◆ Your assignment ◆
Set down, exactly and with no pictures, the line that contains "Jewish Passover Matzoh Note Card" and all lines after it in the listing.

◆ Data section ◆

━━━━━━━━━━━━━━━━━━━━━━━━━━━━━━

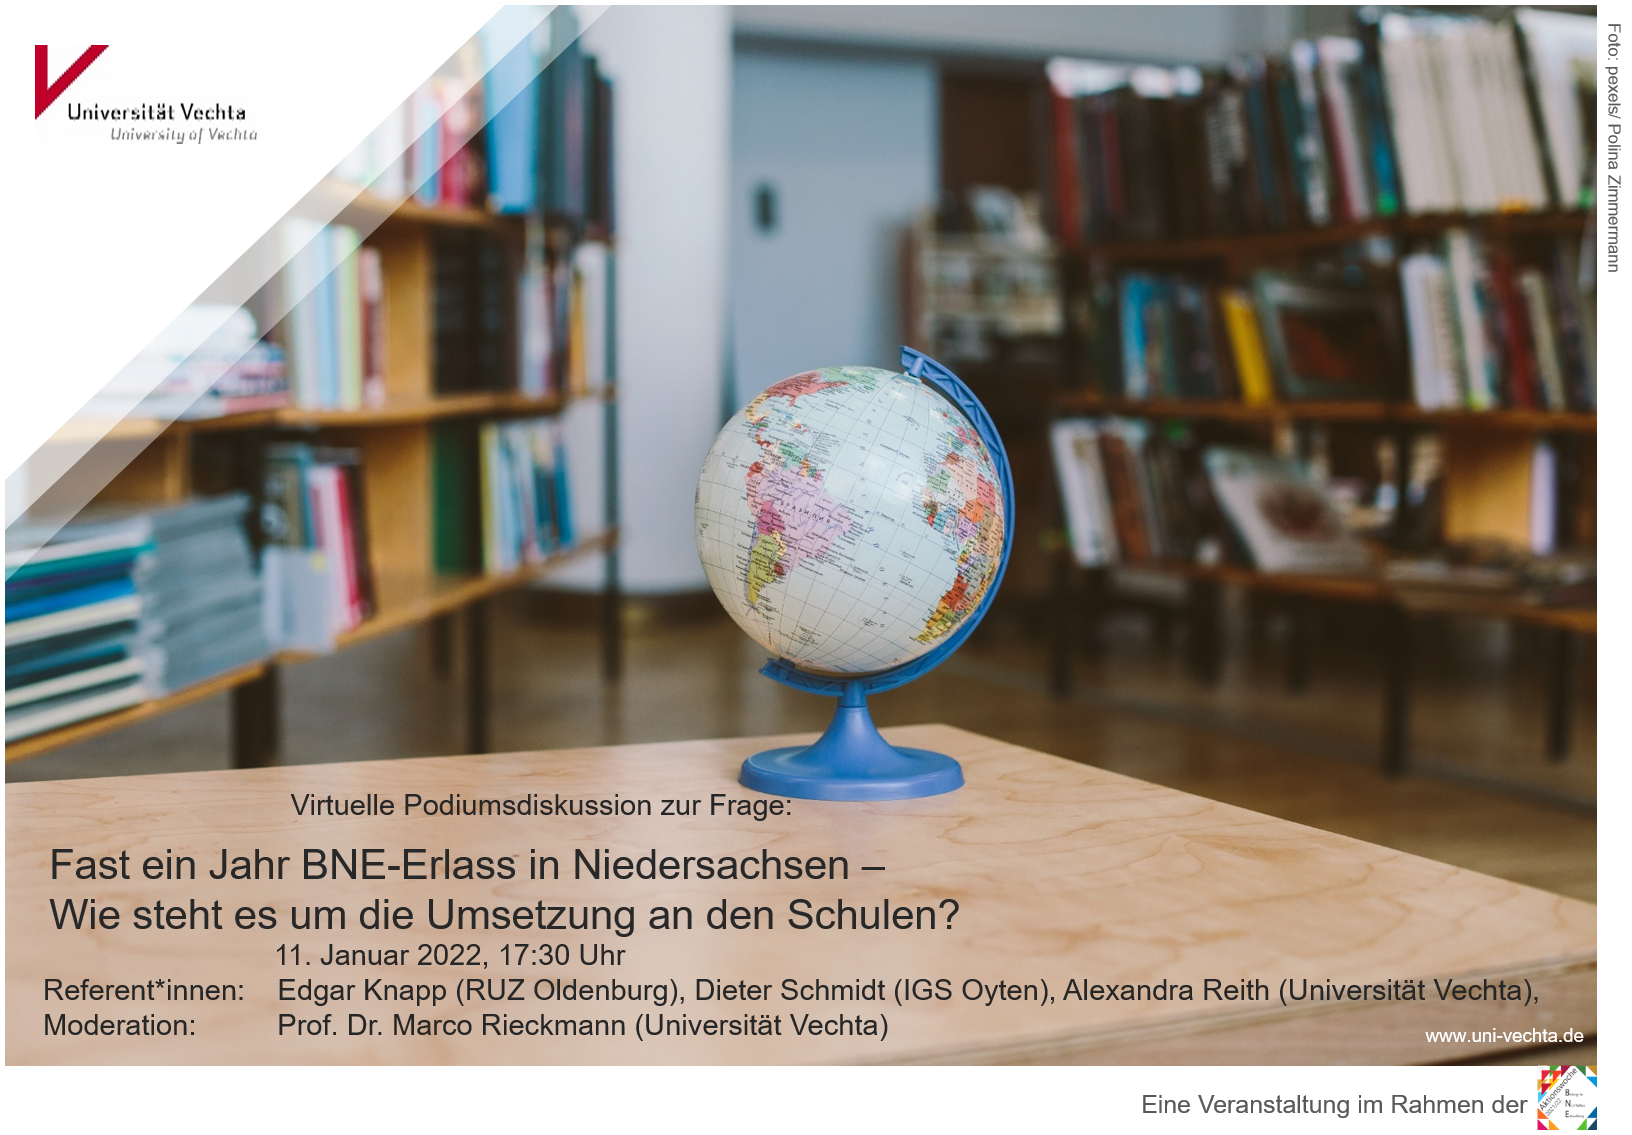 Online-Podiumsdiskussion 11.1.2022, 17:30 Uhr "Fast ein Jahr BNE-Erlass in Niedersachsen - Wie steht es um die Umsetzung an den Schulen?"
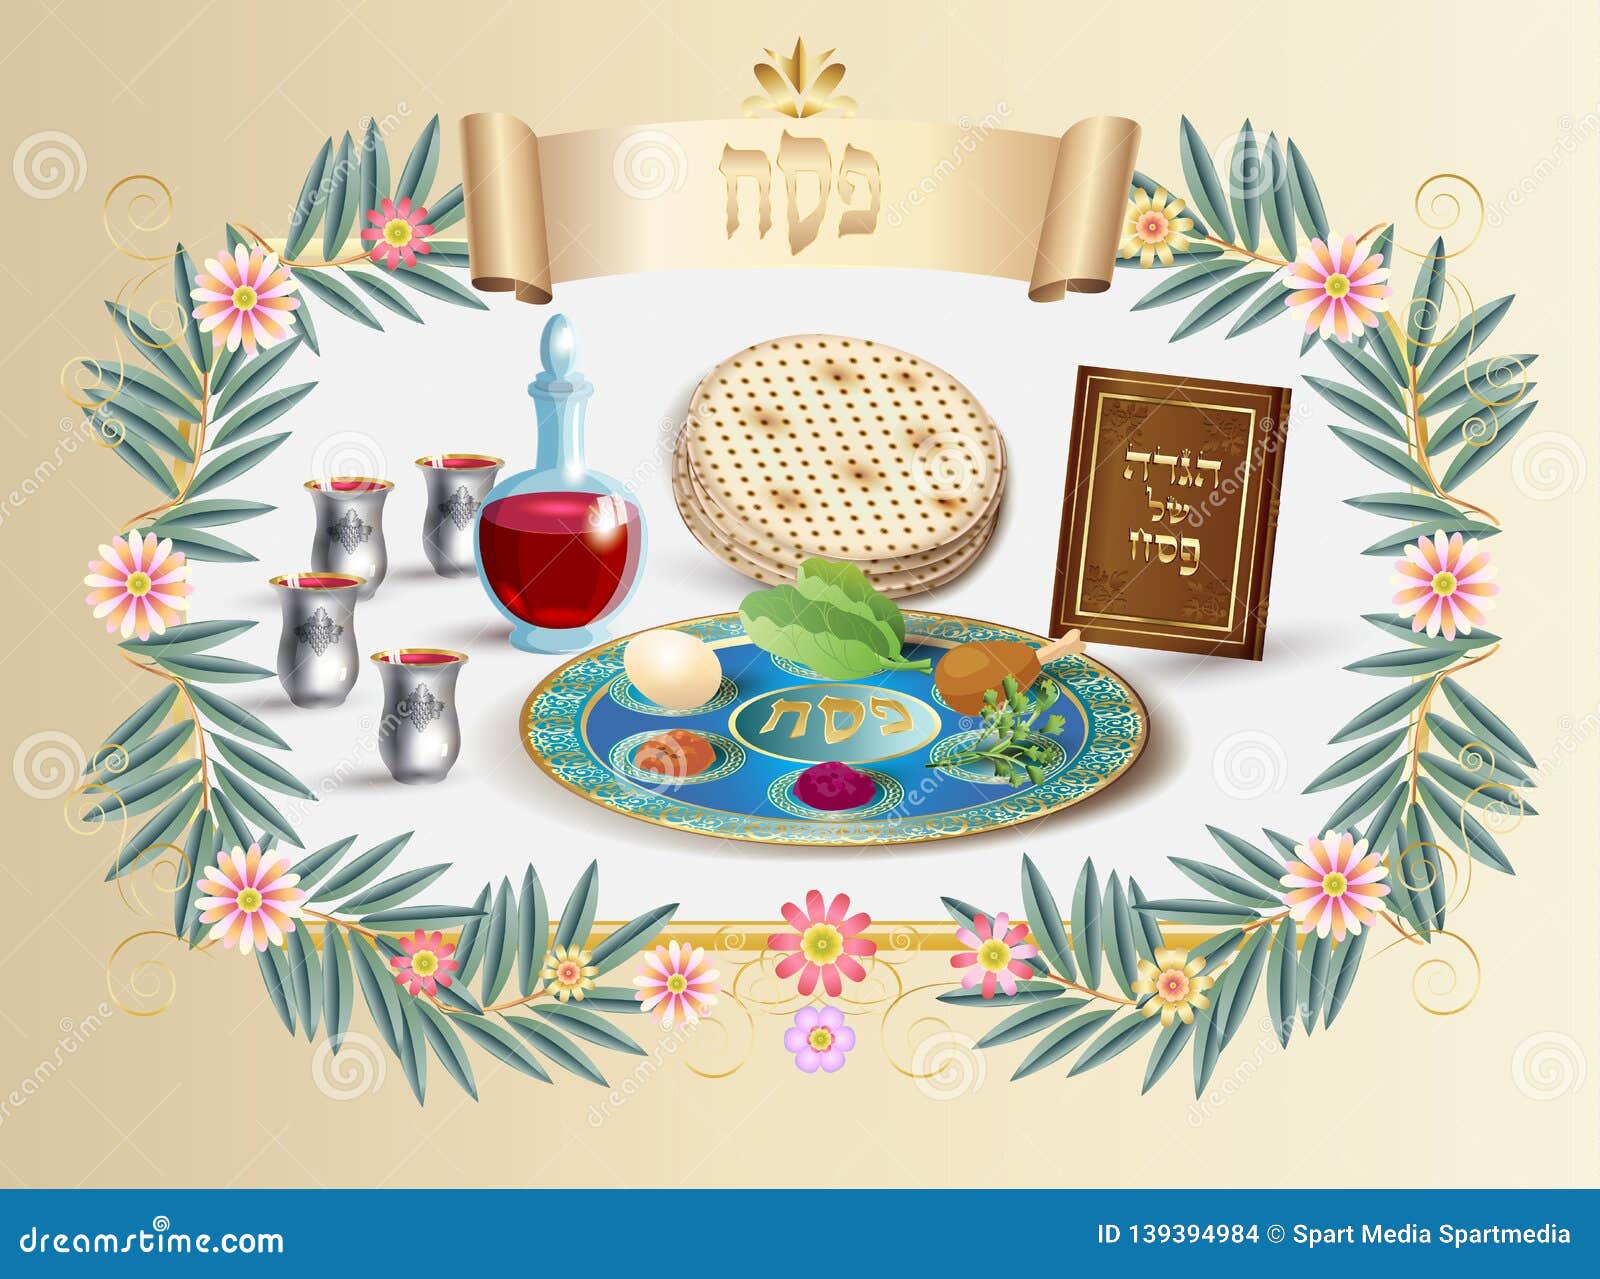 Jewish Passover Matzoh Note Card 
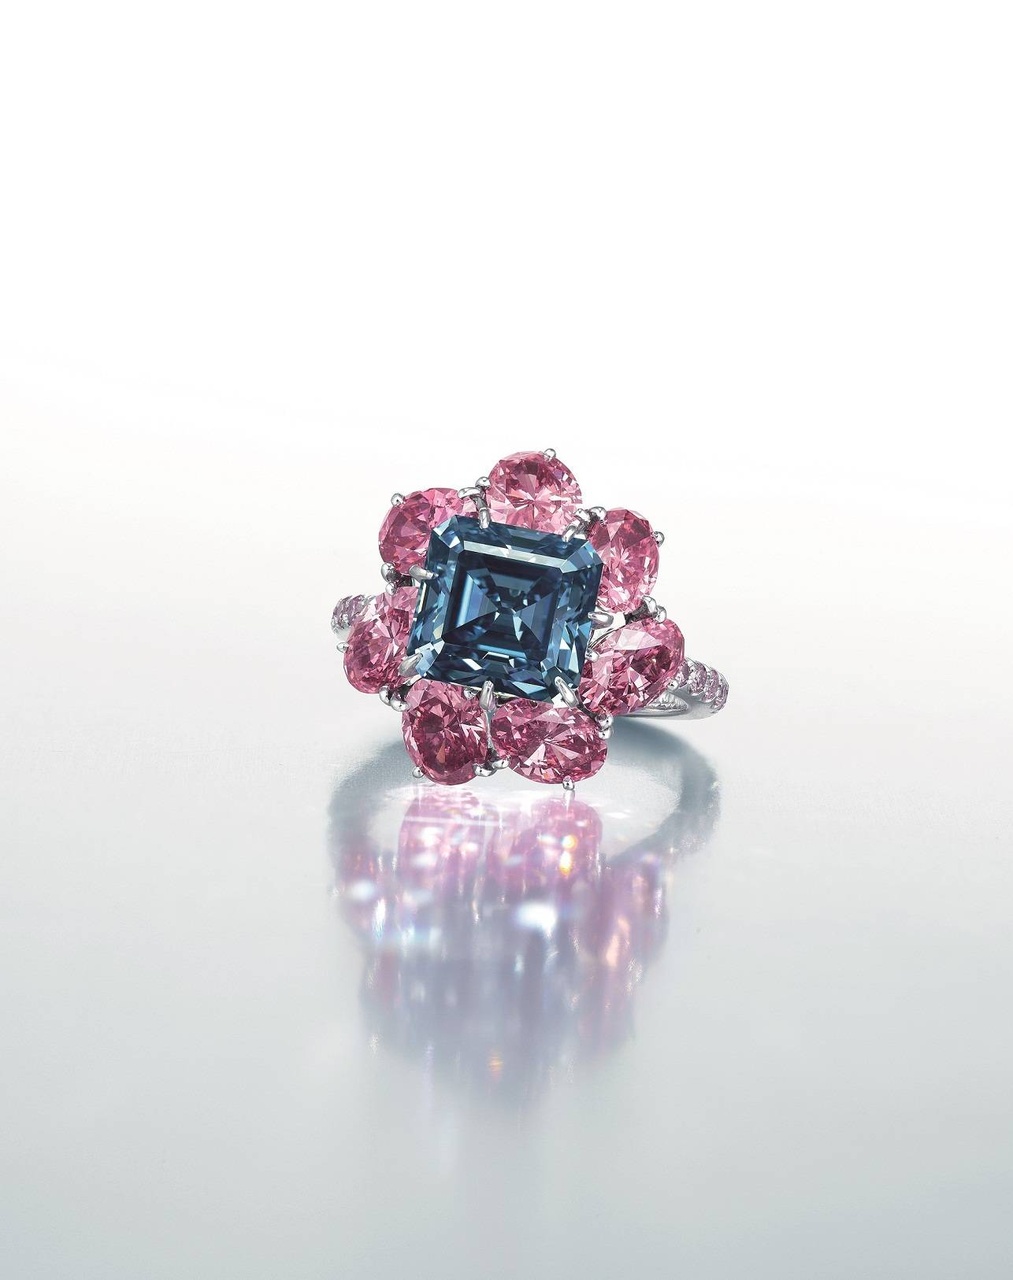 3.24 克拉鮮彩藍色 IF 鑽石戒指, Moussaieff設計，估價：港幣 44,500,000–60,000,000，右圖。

━━━━━━━━━━━━━━━━━━━━━━━━━━━━━━

◆ Answer box ◆
 Jewish Passover Matzoh Note Card 
 3.24 克拉鮮彩藍色 IF 鑽石戒指, Moussaieff設計，估價：港幣 44,500,000–60,000,000，右圖。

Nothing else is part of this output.